Output types map to Rust enums in src/agents/iris.rs:

rust
pub enum StructuredResponse {
    CommitMessage(GeneratedMessage),       // JSON: { emoji, title, message, completion_message }
    PullRequest(MarkdownPullRequest),      // Markdown wrapper: { content: String }
    Changelog(MarkdownChangelog),          // Markdown wrapper: { content: String }
    ReleaseNotes(MarkdownReleaseNotes),    // Markdown wrapper: { content: String }
    Review(crate::types::Review),          // Structured: { summary, metadata, findings[], stats }
    SemanticBlame(String),                 // Plain text
    PlainText(String),                     // Fallback
}

Strict structured types (GeneratedMessage, Review) define schemas Iris must populate field-by-field. Markdown wrappers carry a single content: String field and let Iris choose the layout. The internal verify capability returns a private Critique struct (see Critic Verification); it never appears in StructuredResponse.

Built-in Capabilities

1. Commit (commit.toml)

Purpose: Generate commit messages from staged changes

Output: GeneratedMessage

rust
#[derive(Serialize, Deserialize, JsonSchema)]
pub struct GeneratedMessage {
    pub emoji: Option<String>,            // Single gitmoji or null
    pub title: String,                    // Subject line (max 72 chars)
    pub message: String,                  // Body (may be empty)
    #[serde(default)]
    pub completion_message: Option<String>, // Short UI status, e.g. "Auth refactor ready."
}

completion_message is required by commit.toml so the Studio TUI has a one-line status to show when generation finishes.

Key instructions:

  • Start with git_diff() for change evidence
  • Use project_docs(doc_type="context") when repository conventions or product framing matter
  • Treat project_docs(doc_type="context") as a compact snapshot; use targeted doc types for full files
  • Adapt context strategy based on changeset size
  • Use parallel_analyze for very large changes

Style adaptation:

  • Gitmoji mode: Set emoji field from gitmoji list
  • Conventional mode: Set emoji to null, use conventional prefixes
  • Presets: Apply personality while maintaining structure

2. Review (review.toml)

Purpose: Analyze code changes and emit a structured, parseable review

Output: Review — a strict JSON shape, not a markdown wrapper.

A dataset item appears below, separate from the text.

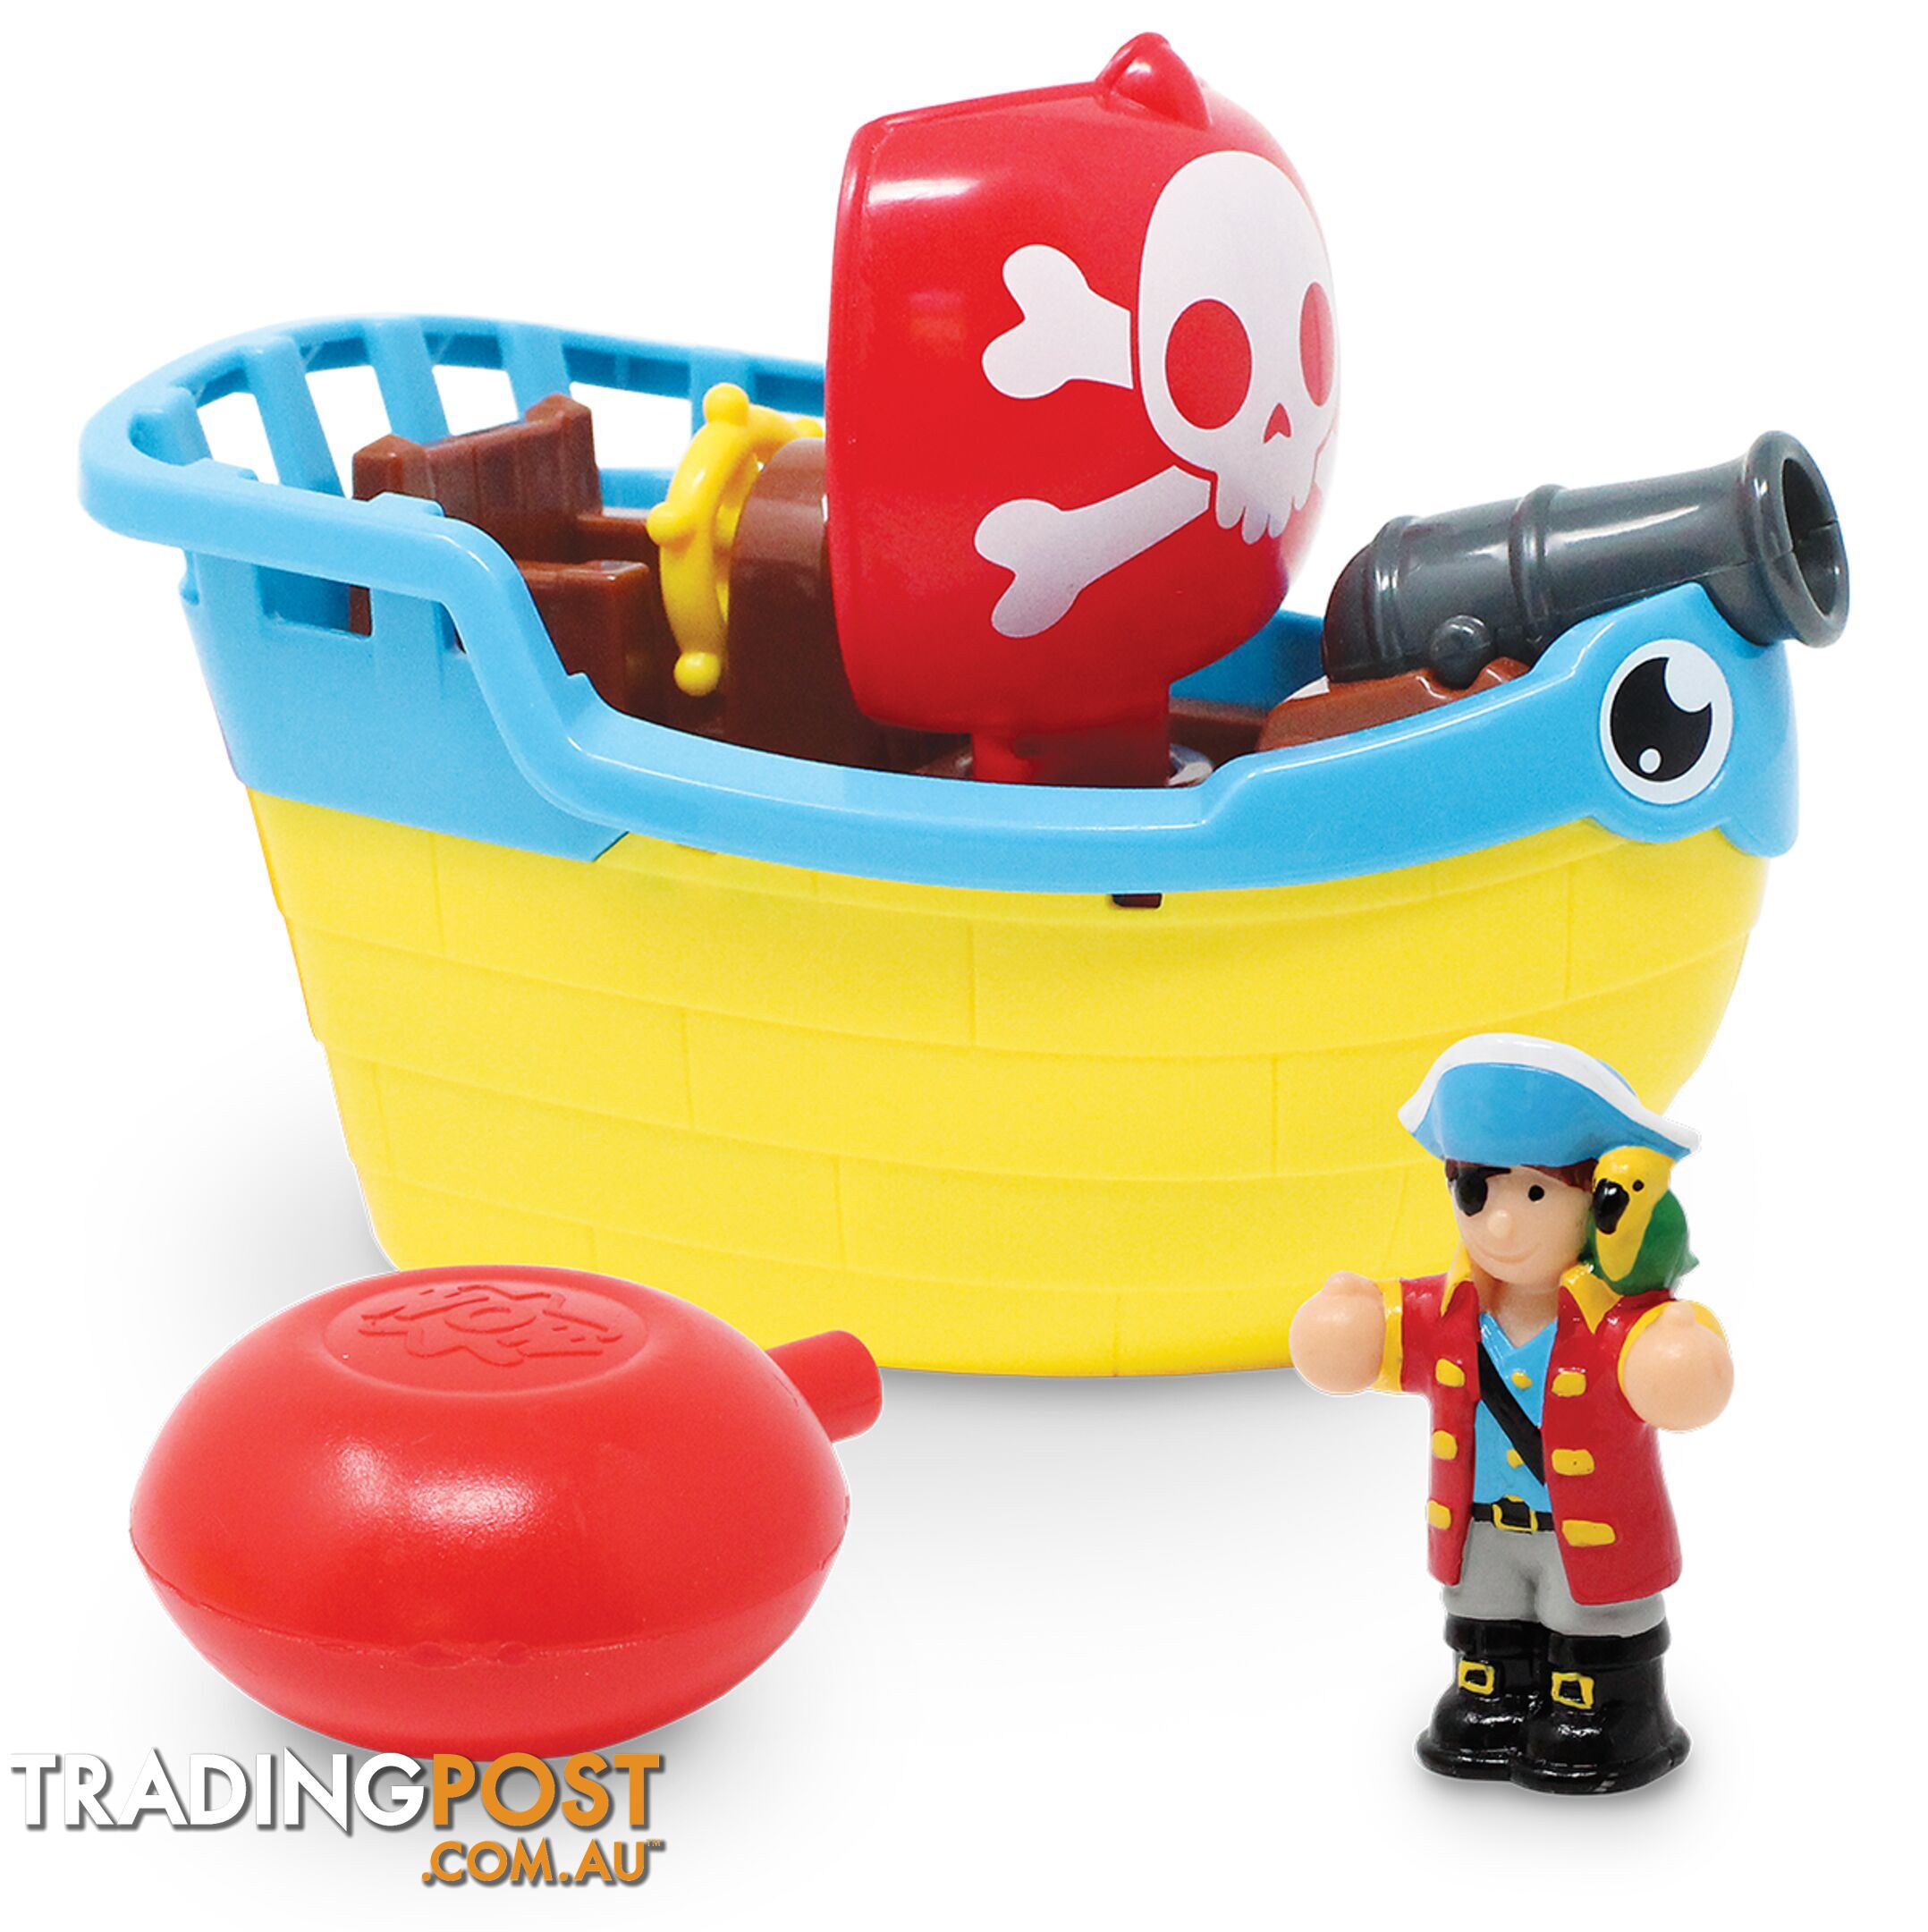 Pip the Pirate Ship (Bath Toy) - WOW Toys - 5033491103481

The capability's output_type = "Review" (see src/agents/capabilities/review.toml:3).

rust
pub struct Review {
    pub summary: String,
    pub metadata: ReviewMetadata,   // risk_level, strategy, specialist_passes, coverage_notes
    pub findings: Vec<Finding>,     // id, severity, confidence, file, line range, category, body, suggested_fix, evidence
    pub stats: ReviewStats,         // files_reviewed, findings_count, critical/high/medium/low counts
    pub parse_failed: bool,         // set when from_unstructured() rescues raw text
}

Finding.confidence is an integer 0–100. Findings below DEFAULT_MIN_FINDING_CONFIDENCE = 70 are hidden from visible_findings() and from inline GitHub comments. Category is a 12-variant enum: security, performance, error_handling, complexity, abstraction, duplication, testing, style, api_contract, concurrency, documentation, other. Severity and RiskLevel accept critical/high/medium/low.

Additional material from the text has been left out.